Шрифт:
Интервал:
Закладка:
Я махнул рукой, призывая к вниманию. Левый тут же взгромоздился на козлы кареты, ему было все равно, что о нем могут подумать окружающие — если кто-то начнет слишком громко выражать мнение, что, мол, не пристало дворянину самолично править экипажем, то слезет и башку свернет — были прецеденты. Правый лихо вскочил в седло, я сел в карету, и мы тронулись с места.
Девушка задремала, пока я был во дворце, но сейчас проснулась и уставилась на меня во все свои огромные глаза. Она все так же была одета в прозрачную ночную рубашку, но я сразу, после того, как мы выбрались из подземелья, укутал ее в собственную куртку, и Ребекка хотя бы не мерзла. Она сидела, поджав ноги, укрыв их под курткой, и молчала. Я тоже не знал, что сказать. Так мы и ехали в тишине, лишь крики снаружи время от времени заставляли нервно вздрагивать.

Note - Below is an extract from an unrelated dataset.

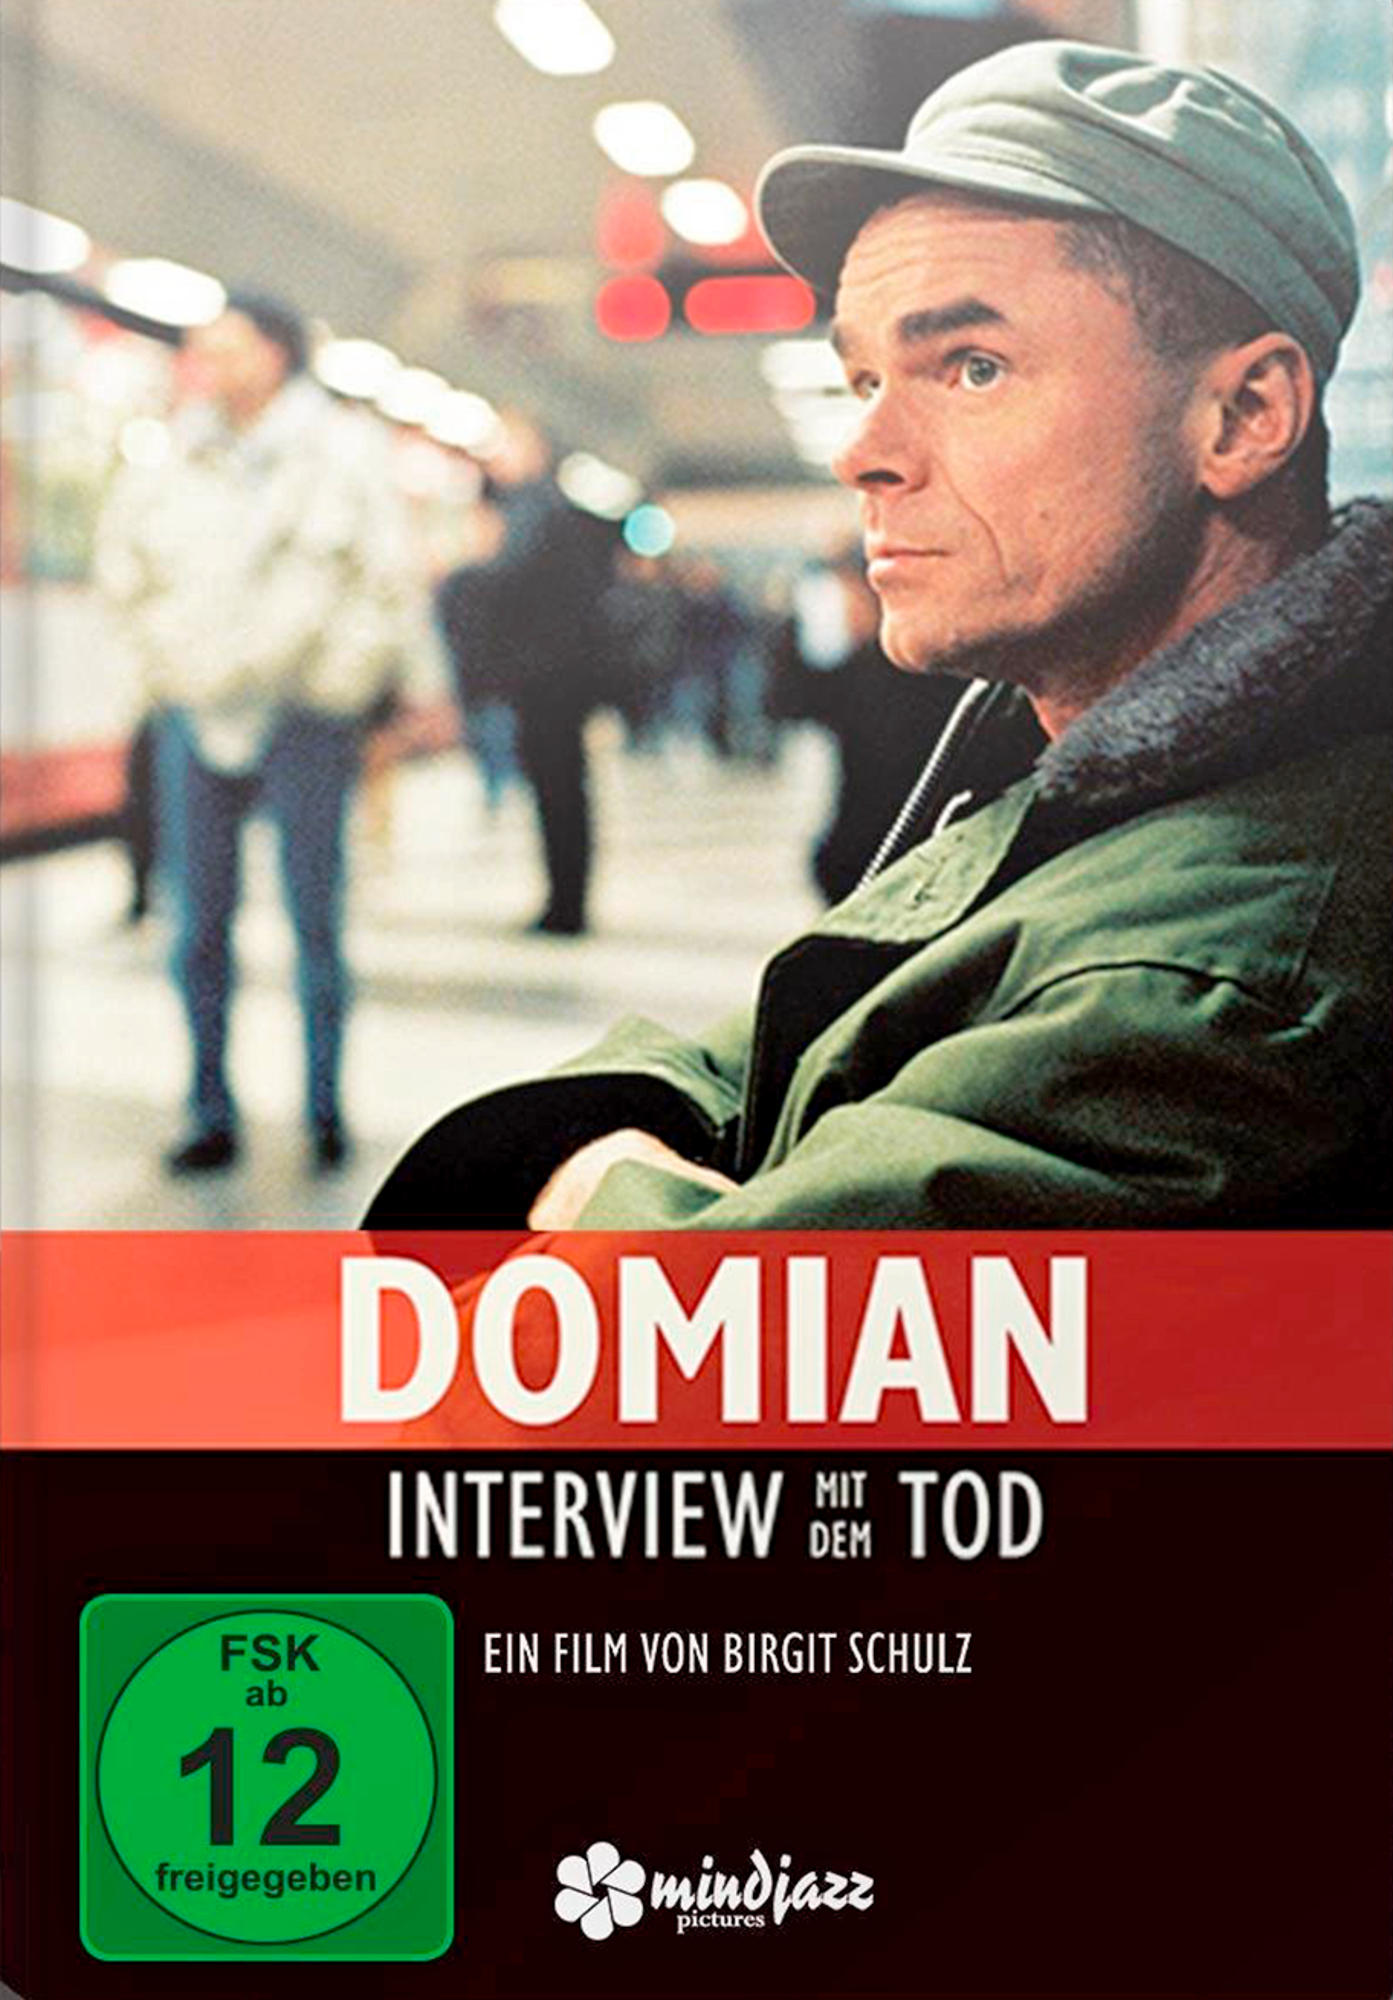 Tod Domian dem - mit Interview DVD

Париж бурлил. Толпы горожан собирались на перекрестках и громко обсуждали новости. Все уже знали и об атаке на тело мертвого короля и, разумеется, о взрыве во дворце. Карете приходилось двигаться крайне медленно. О том, чтобы прорываться сейчас сквозь толпу и речи идти не могло — народ был слишком возбужден и не знал, что и думать. Тут и до фронды недалеко, причем раньше времени лет на двадцать. Но парижане — люди вспыльчивые, да и сидеть на баррикадах, пить вино и кидаться камнями в солдат и стражников гораздо более интересное занятие, чем работать.

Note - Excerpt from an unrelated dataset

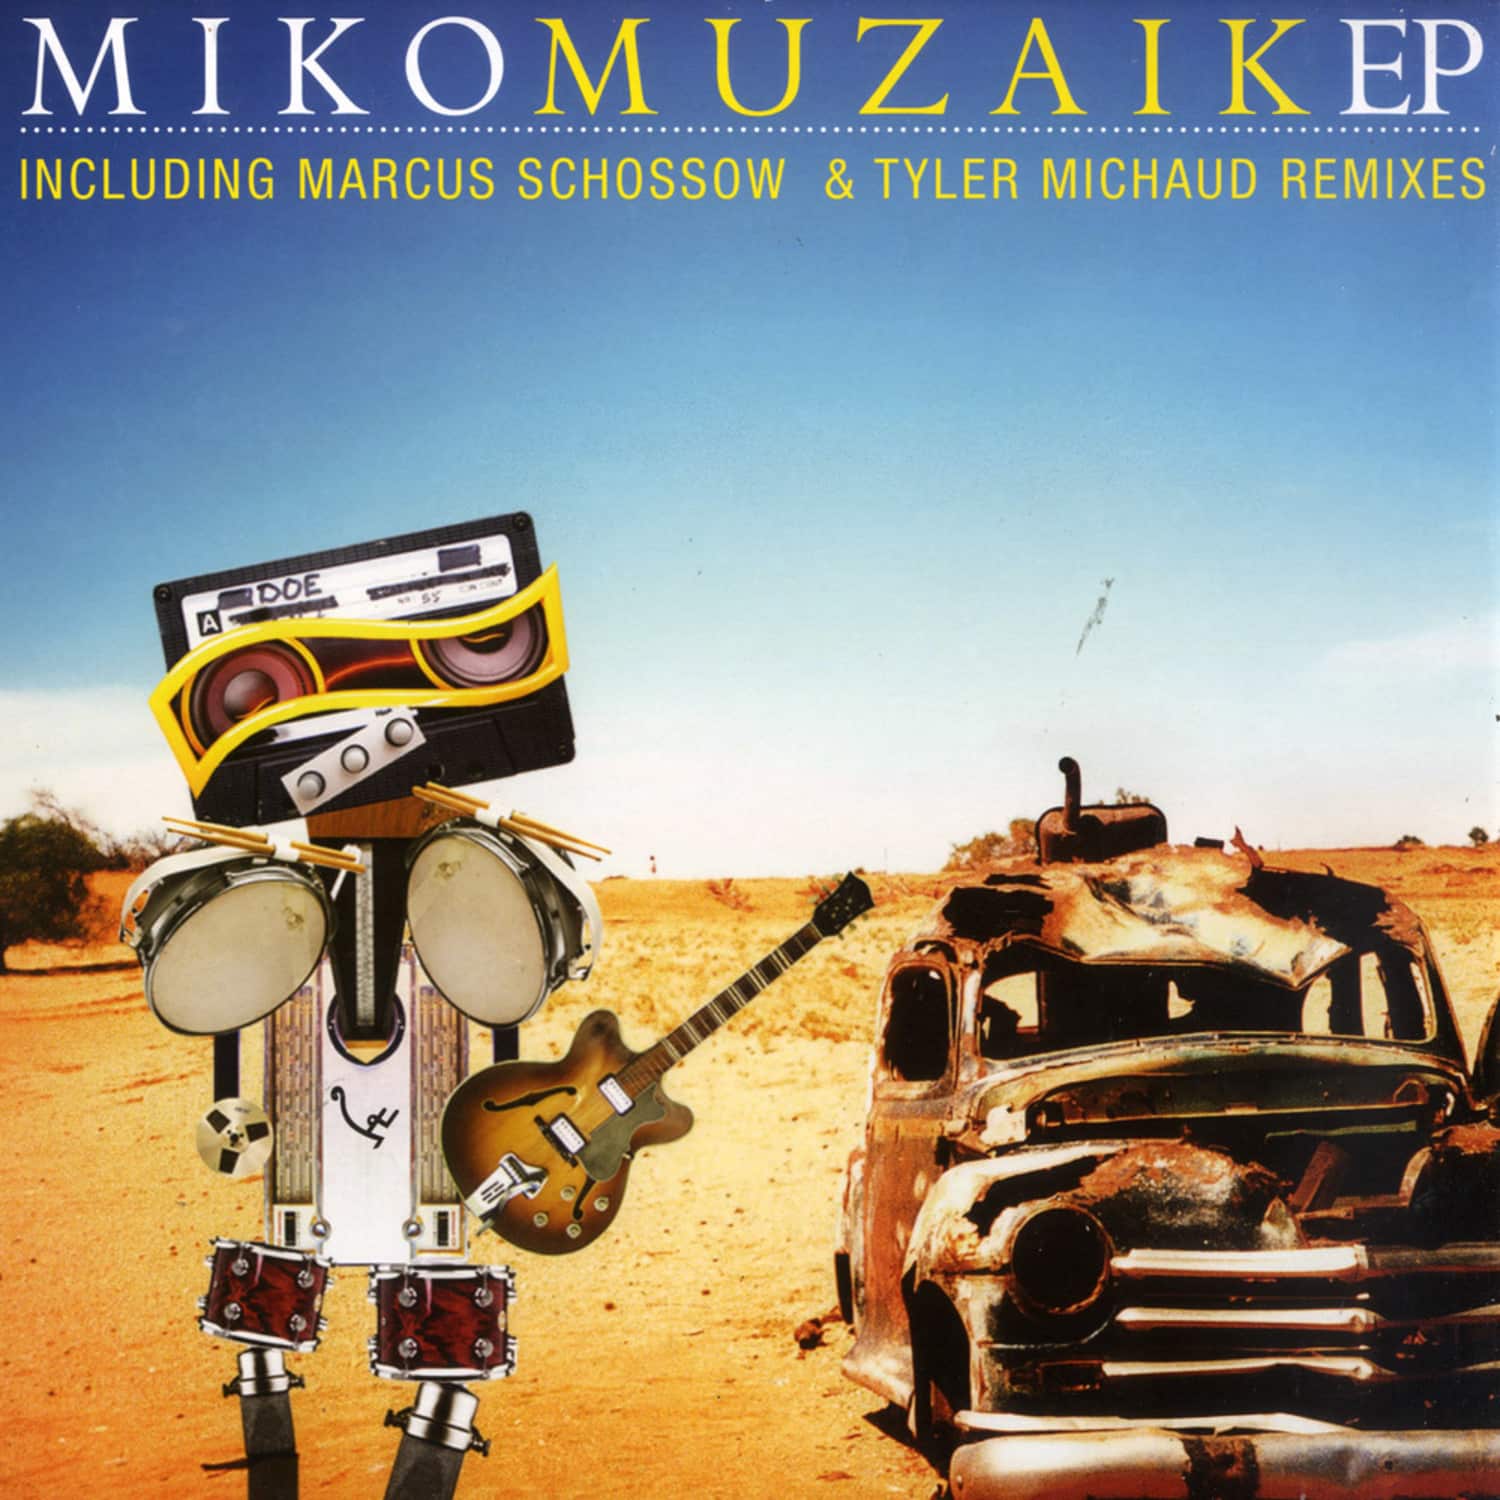 Miko - MUZAIK EP

Левый осадил по спине хлыстом особо ретивого типа в красном колпаке, начавшего хватать лошадей под узды, но в ответ раздался такой недовольный гул со стороны прохожих, и кто-то даже начал весьма ощутимо раскачивать карету, что, дабы успокоить чернь, мне пришлось выглянуть и щедрым жестом бросить горсть серебра в толпу. От нас тут же отстали, и начали драться между собой за каждую монету. Мы же тем временем выбрались на более свободную от людей улицу и двинулись дальше.
У ворот дома дежурили мои люди, возглавляемые пикардийцем Мерентрином. Они уже успели вернуться и даже заняли оборону… так, на всякий случай. Ворота были заперты, из окон торчали дула мушкетов, слуги находились в доме, не высовываясь наружу.

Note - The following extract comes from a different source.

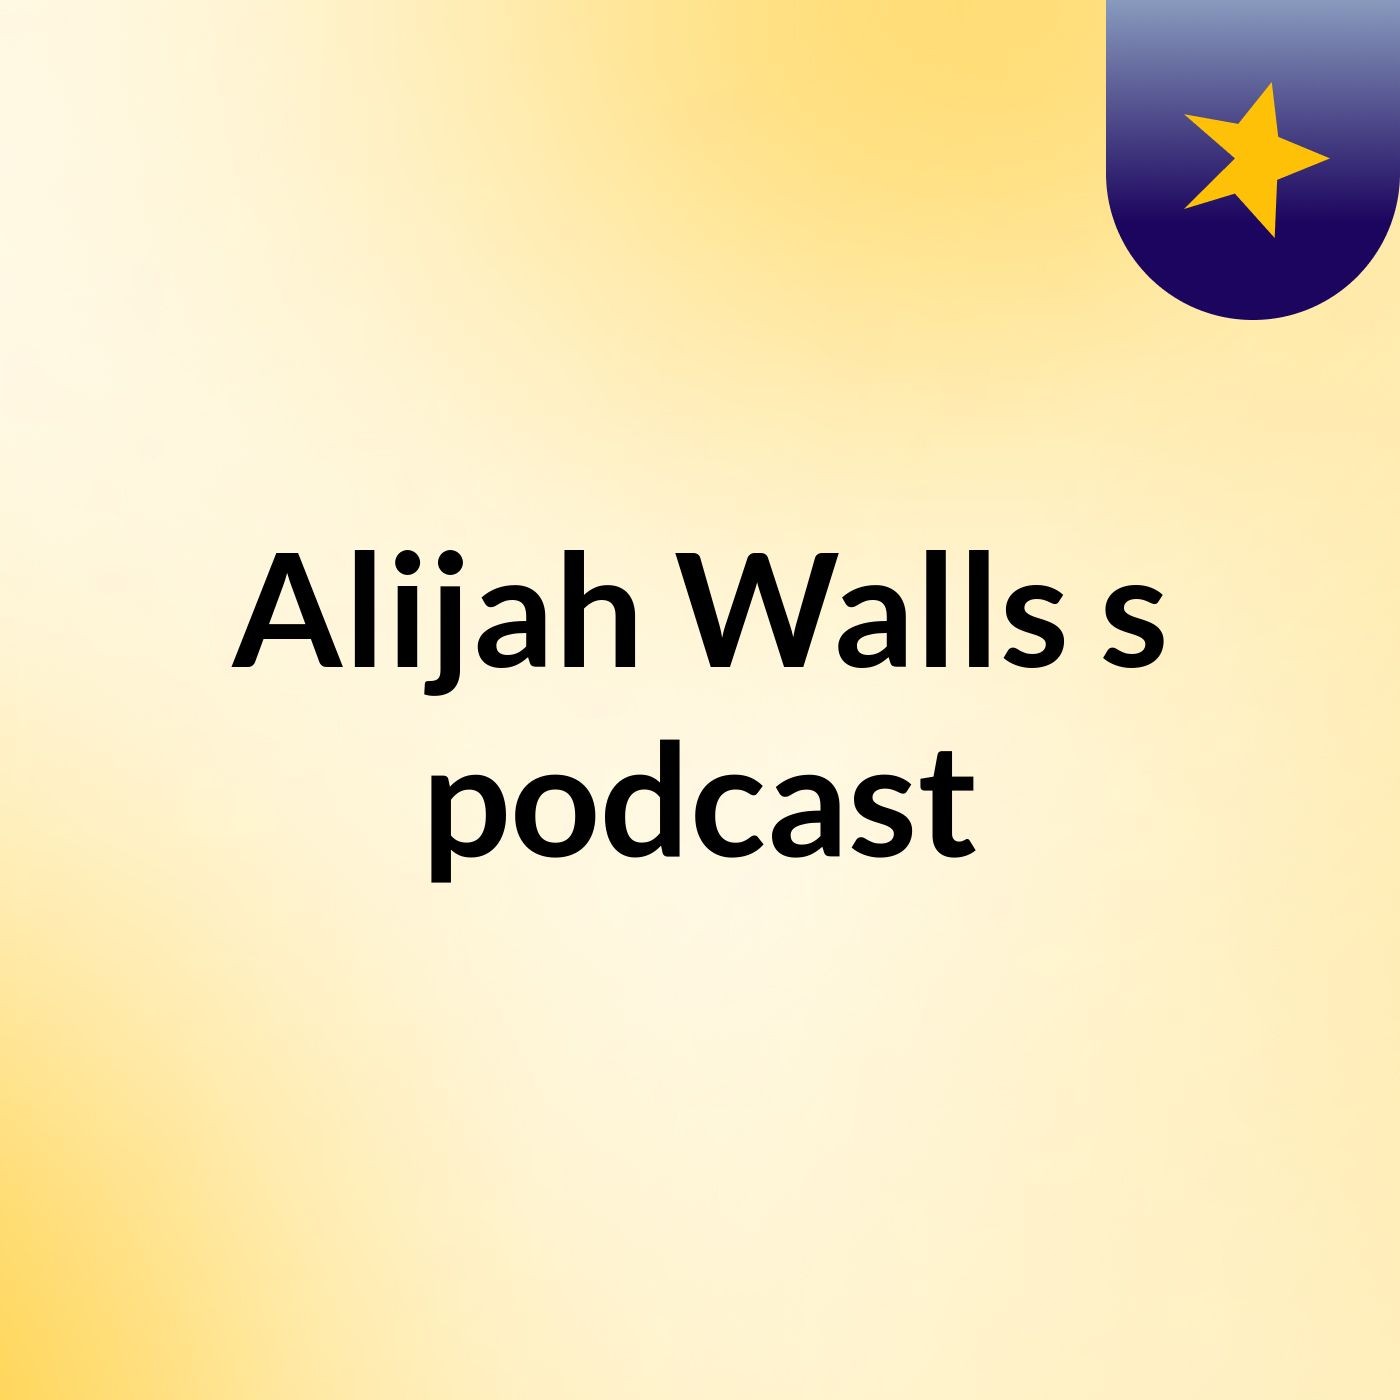 Episode 5 - Alijah Walls's podcast

Заметив карету, ворота лихо распахнули, нас пропустили внутрь, и тут же тяжелые железные резные створы вновь сошлись друг с другом. Нет, при желании ворваться в дом потенциальные враги могли, но это стоило бы им десяток-другой жизней… и тут уже поневоле нужно было задуматься, стоила ли игра свеч. Да и не было у меня сейчас врагов, обладавших волей, а главное — возможностями для нападения. Мы с де Бриенном на пару уничтожили, кажется, почти всех, кого только можно. А тех, кого не устранили физически, кинули за решетку или вынудили бежать из Парижа, а то и из Франции.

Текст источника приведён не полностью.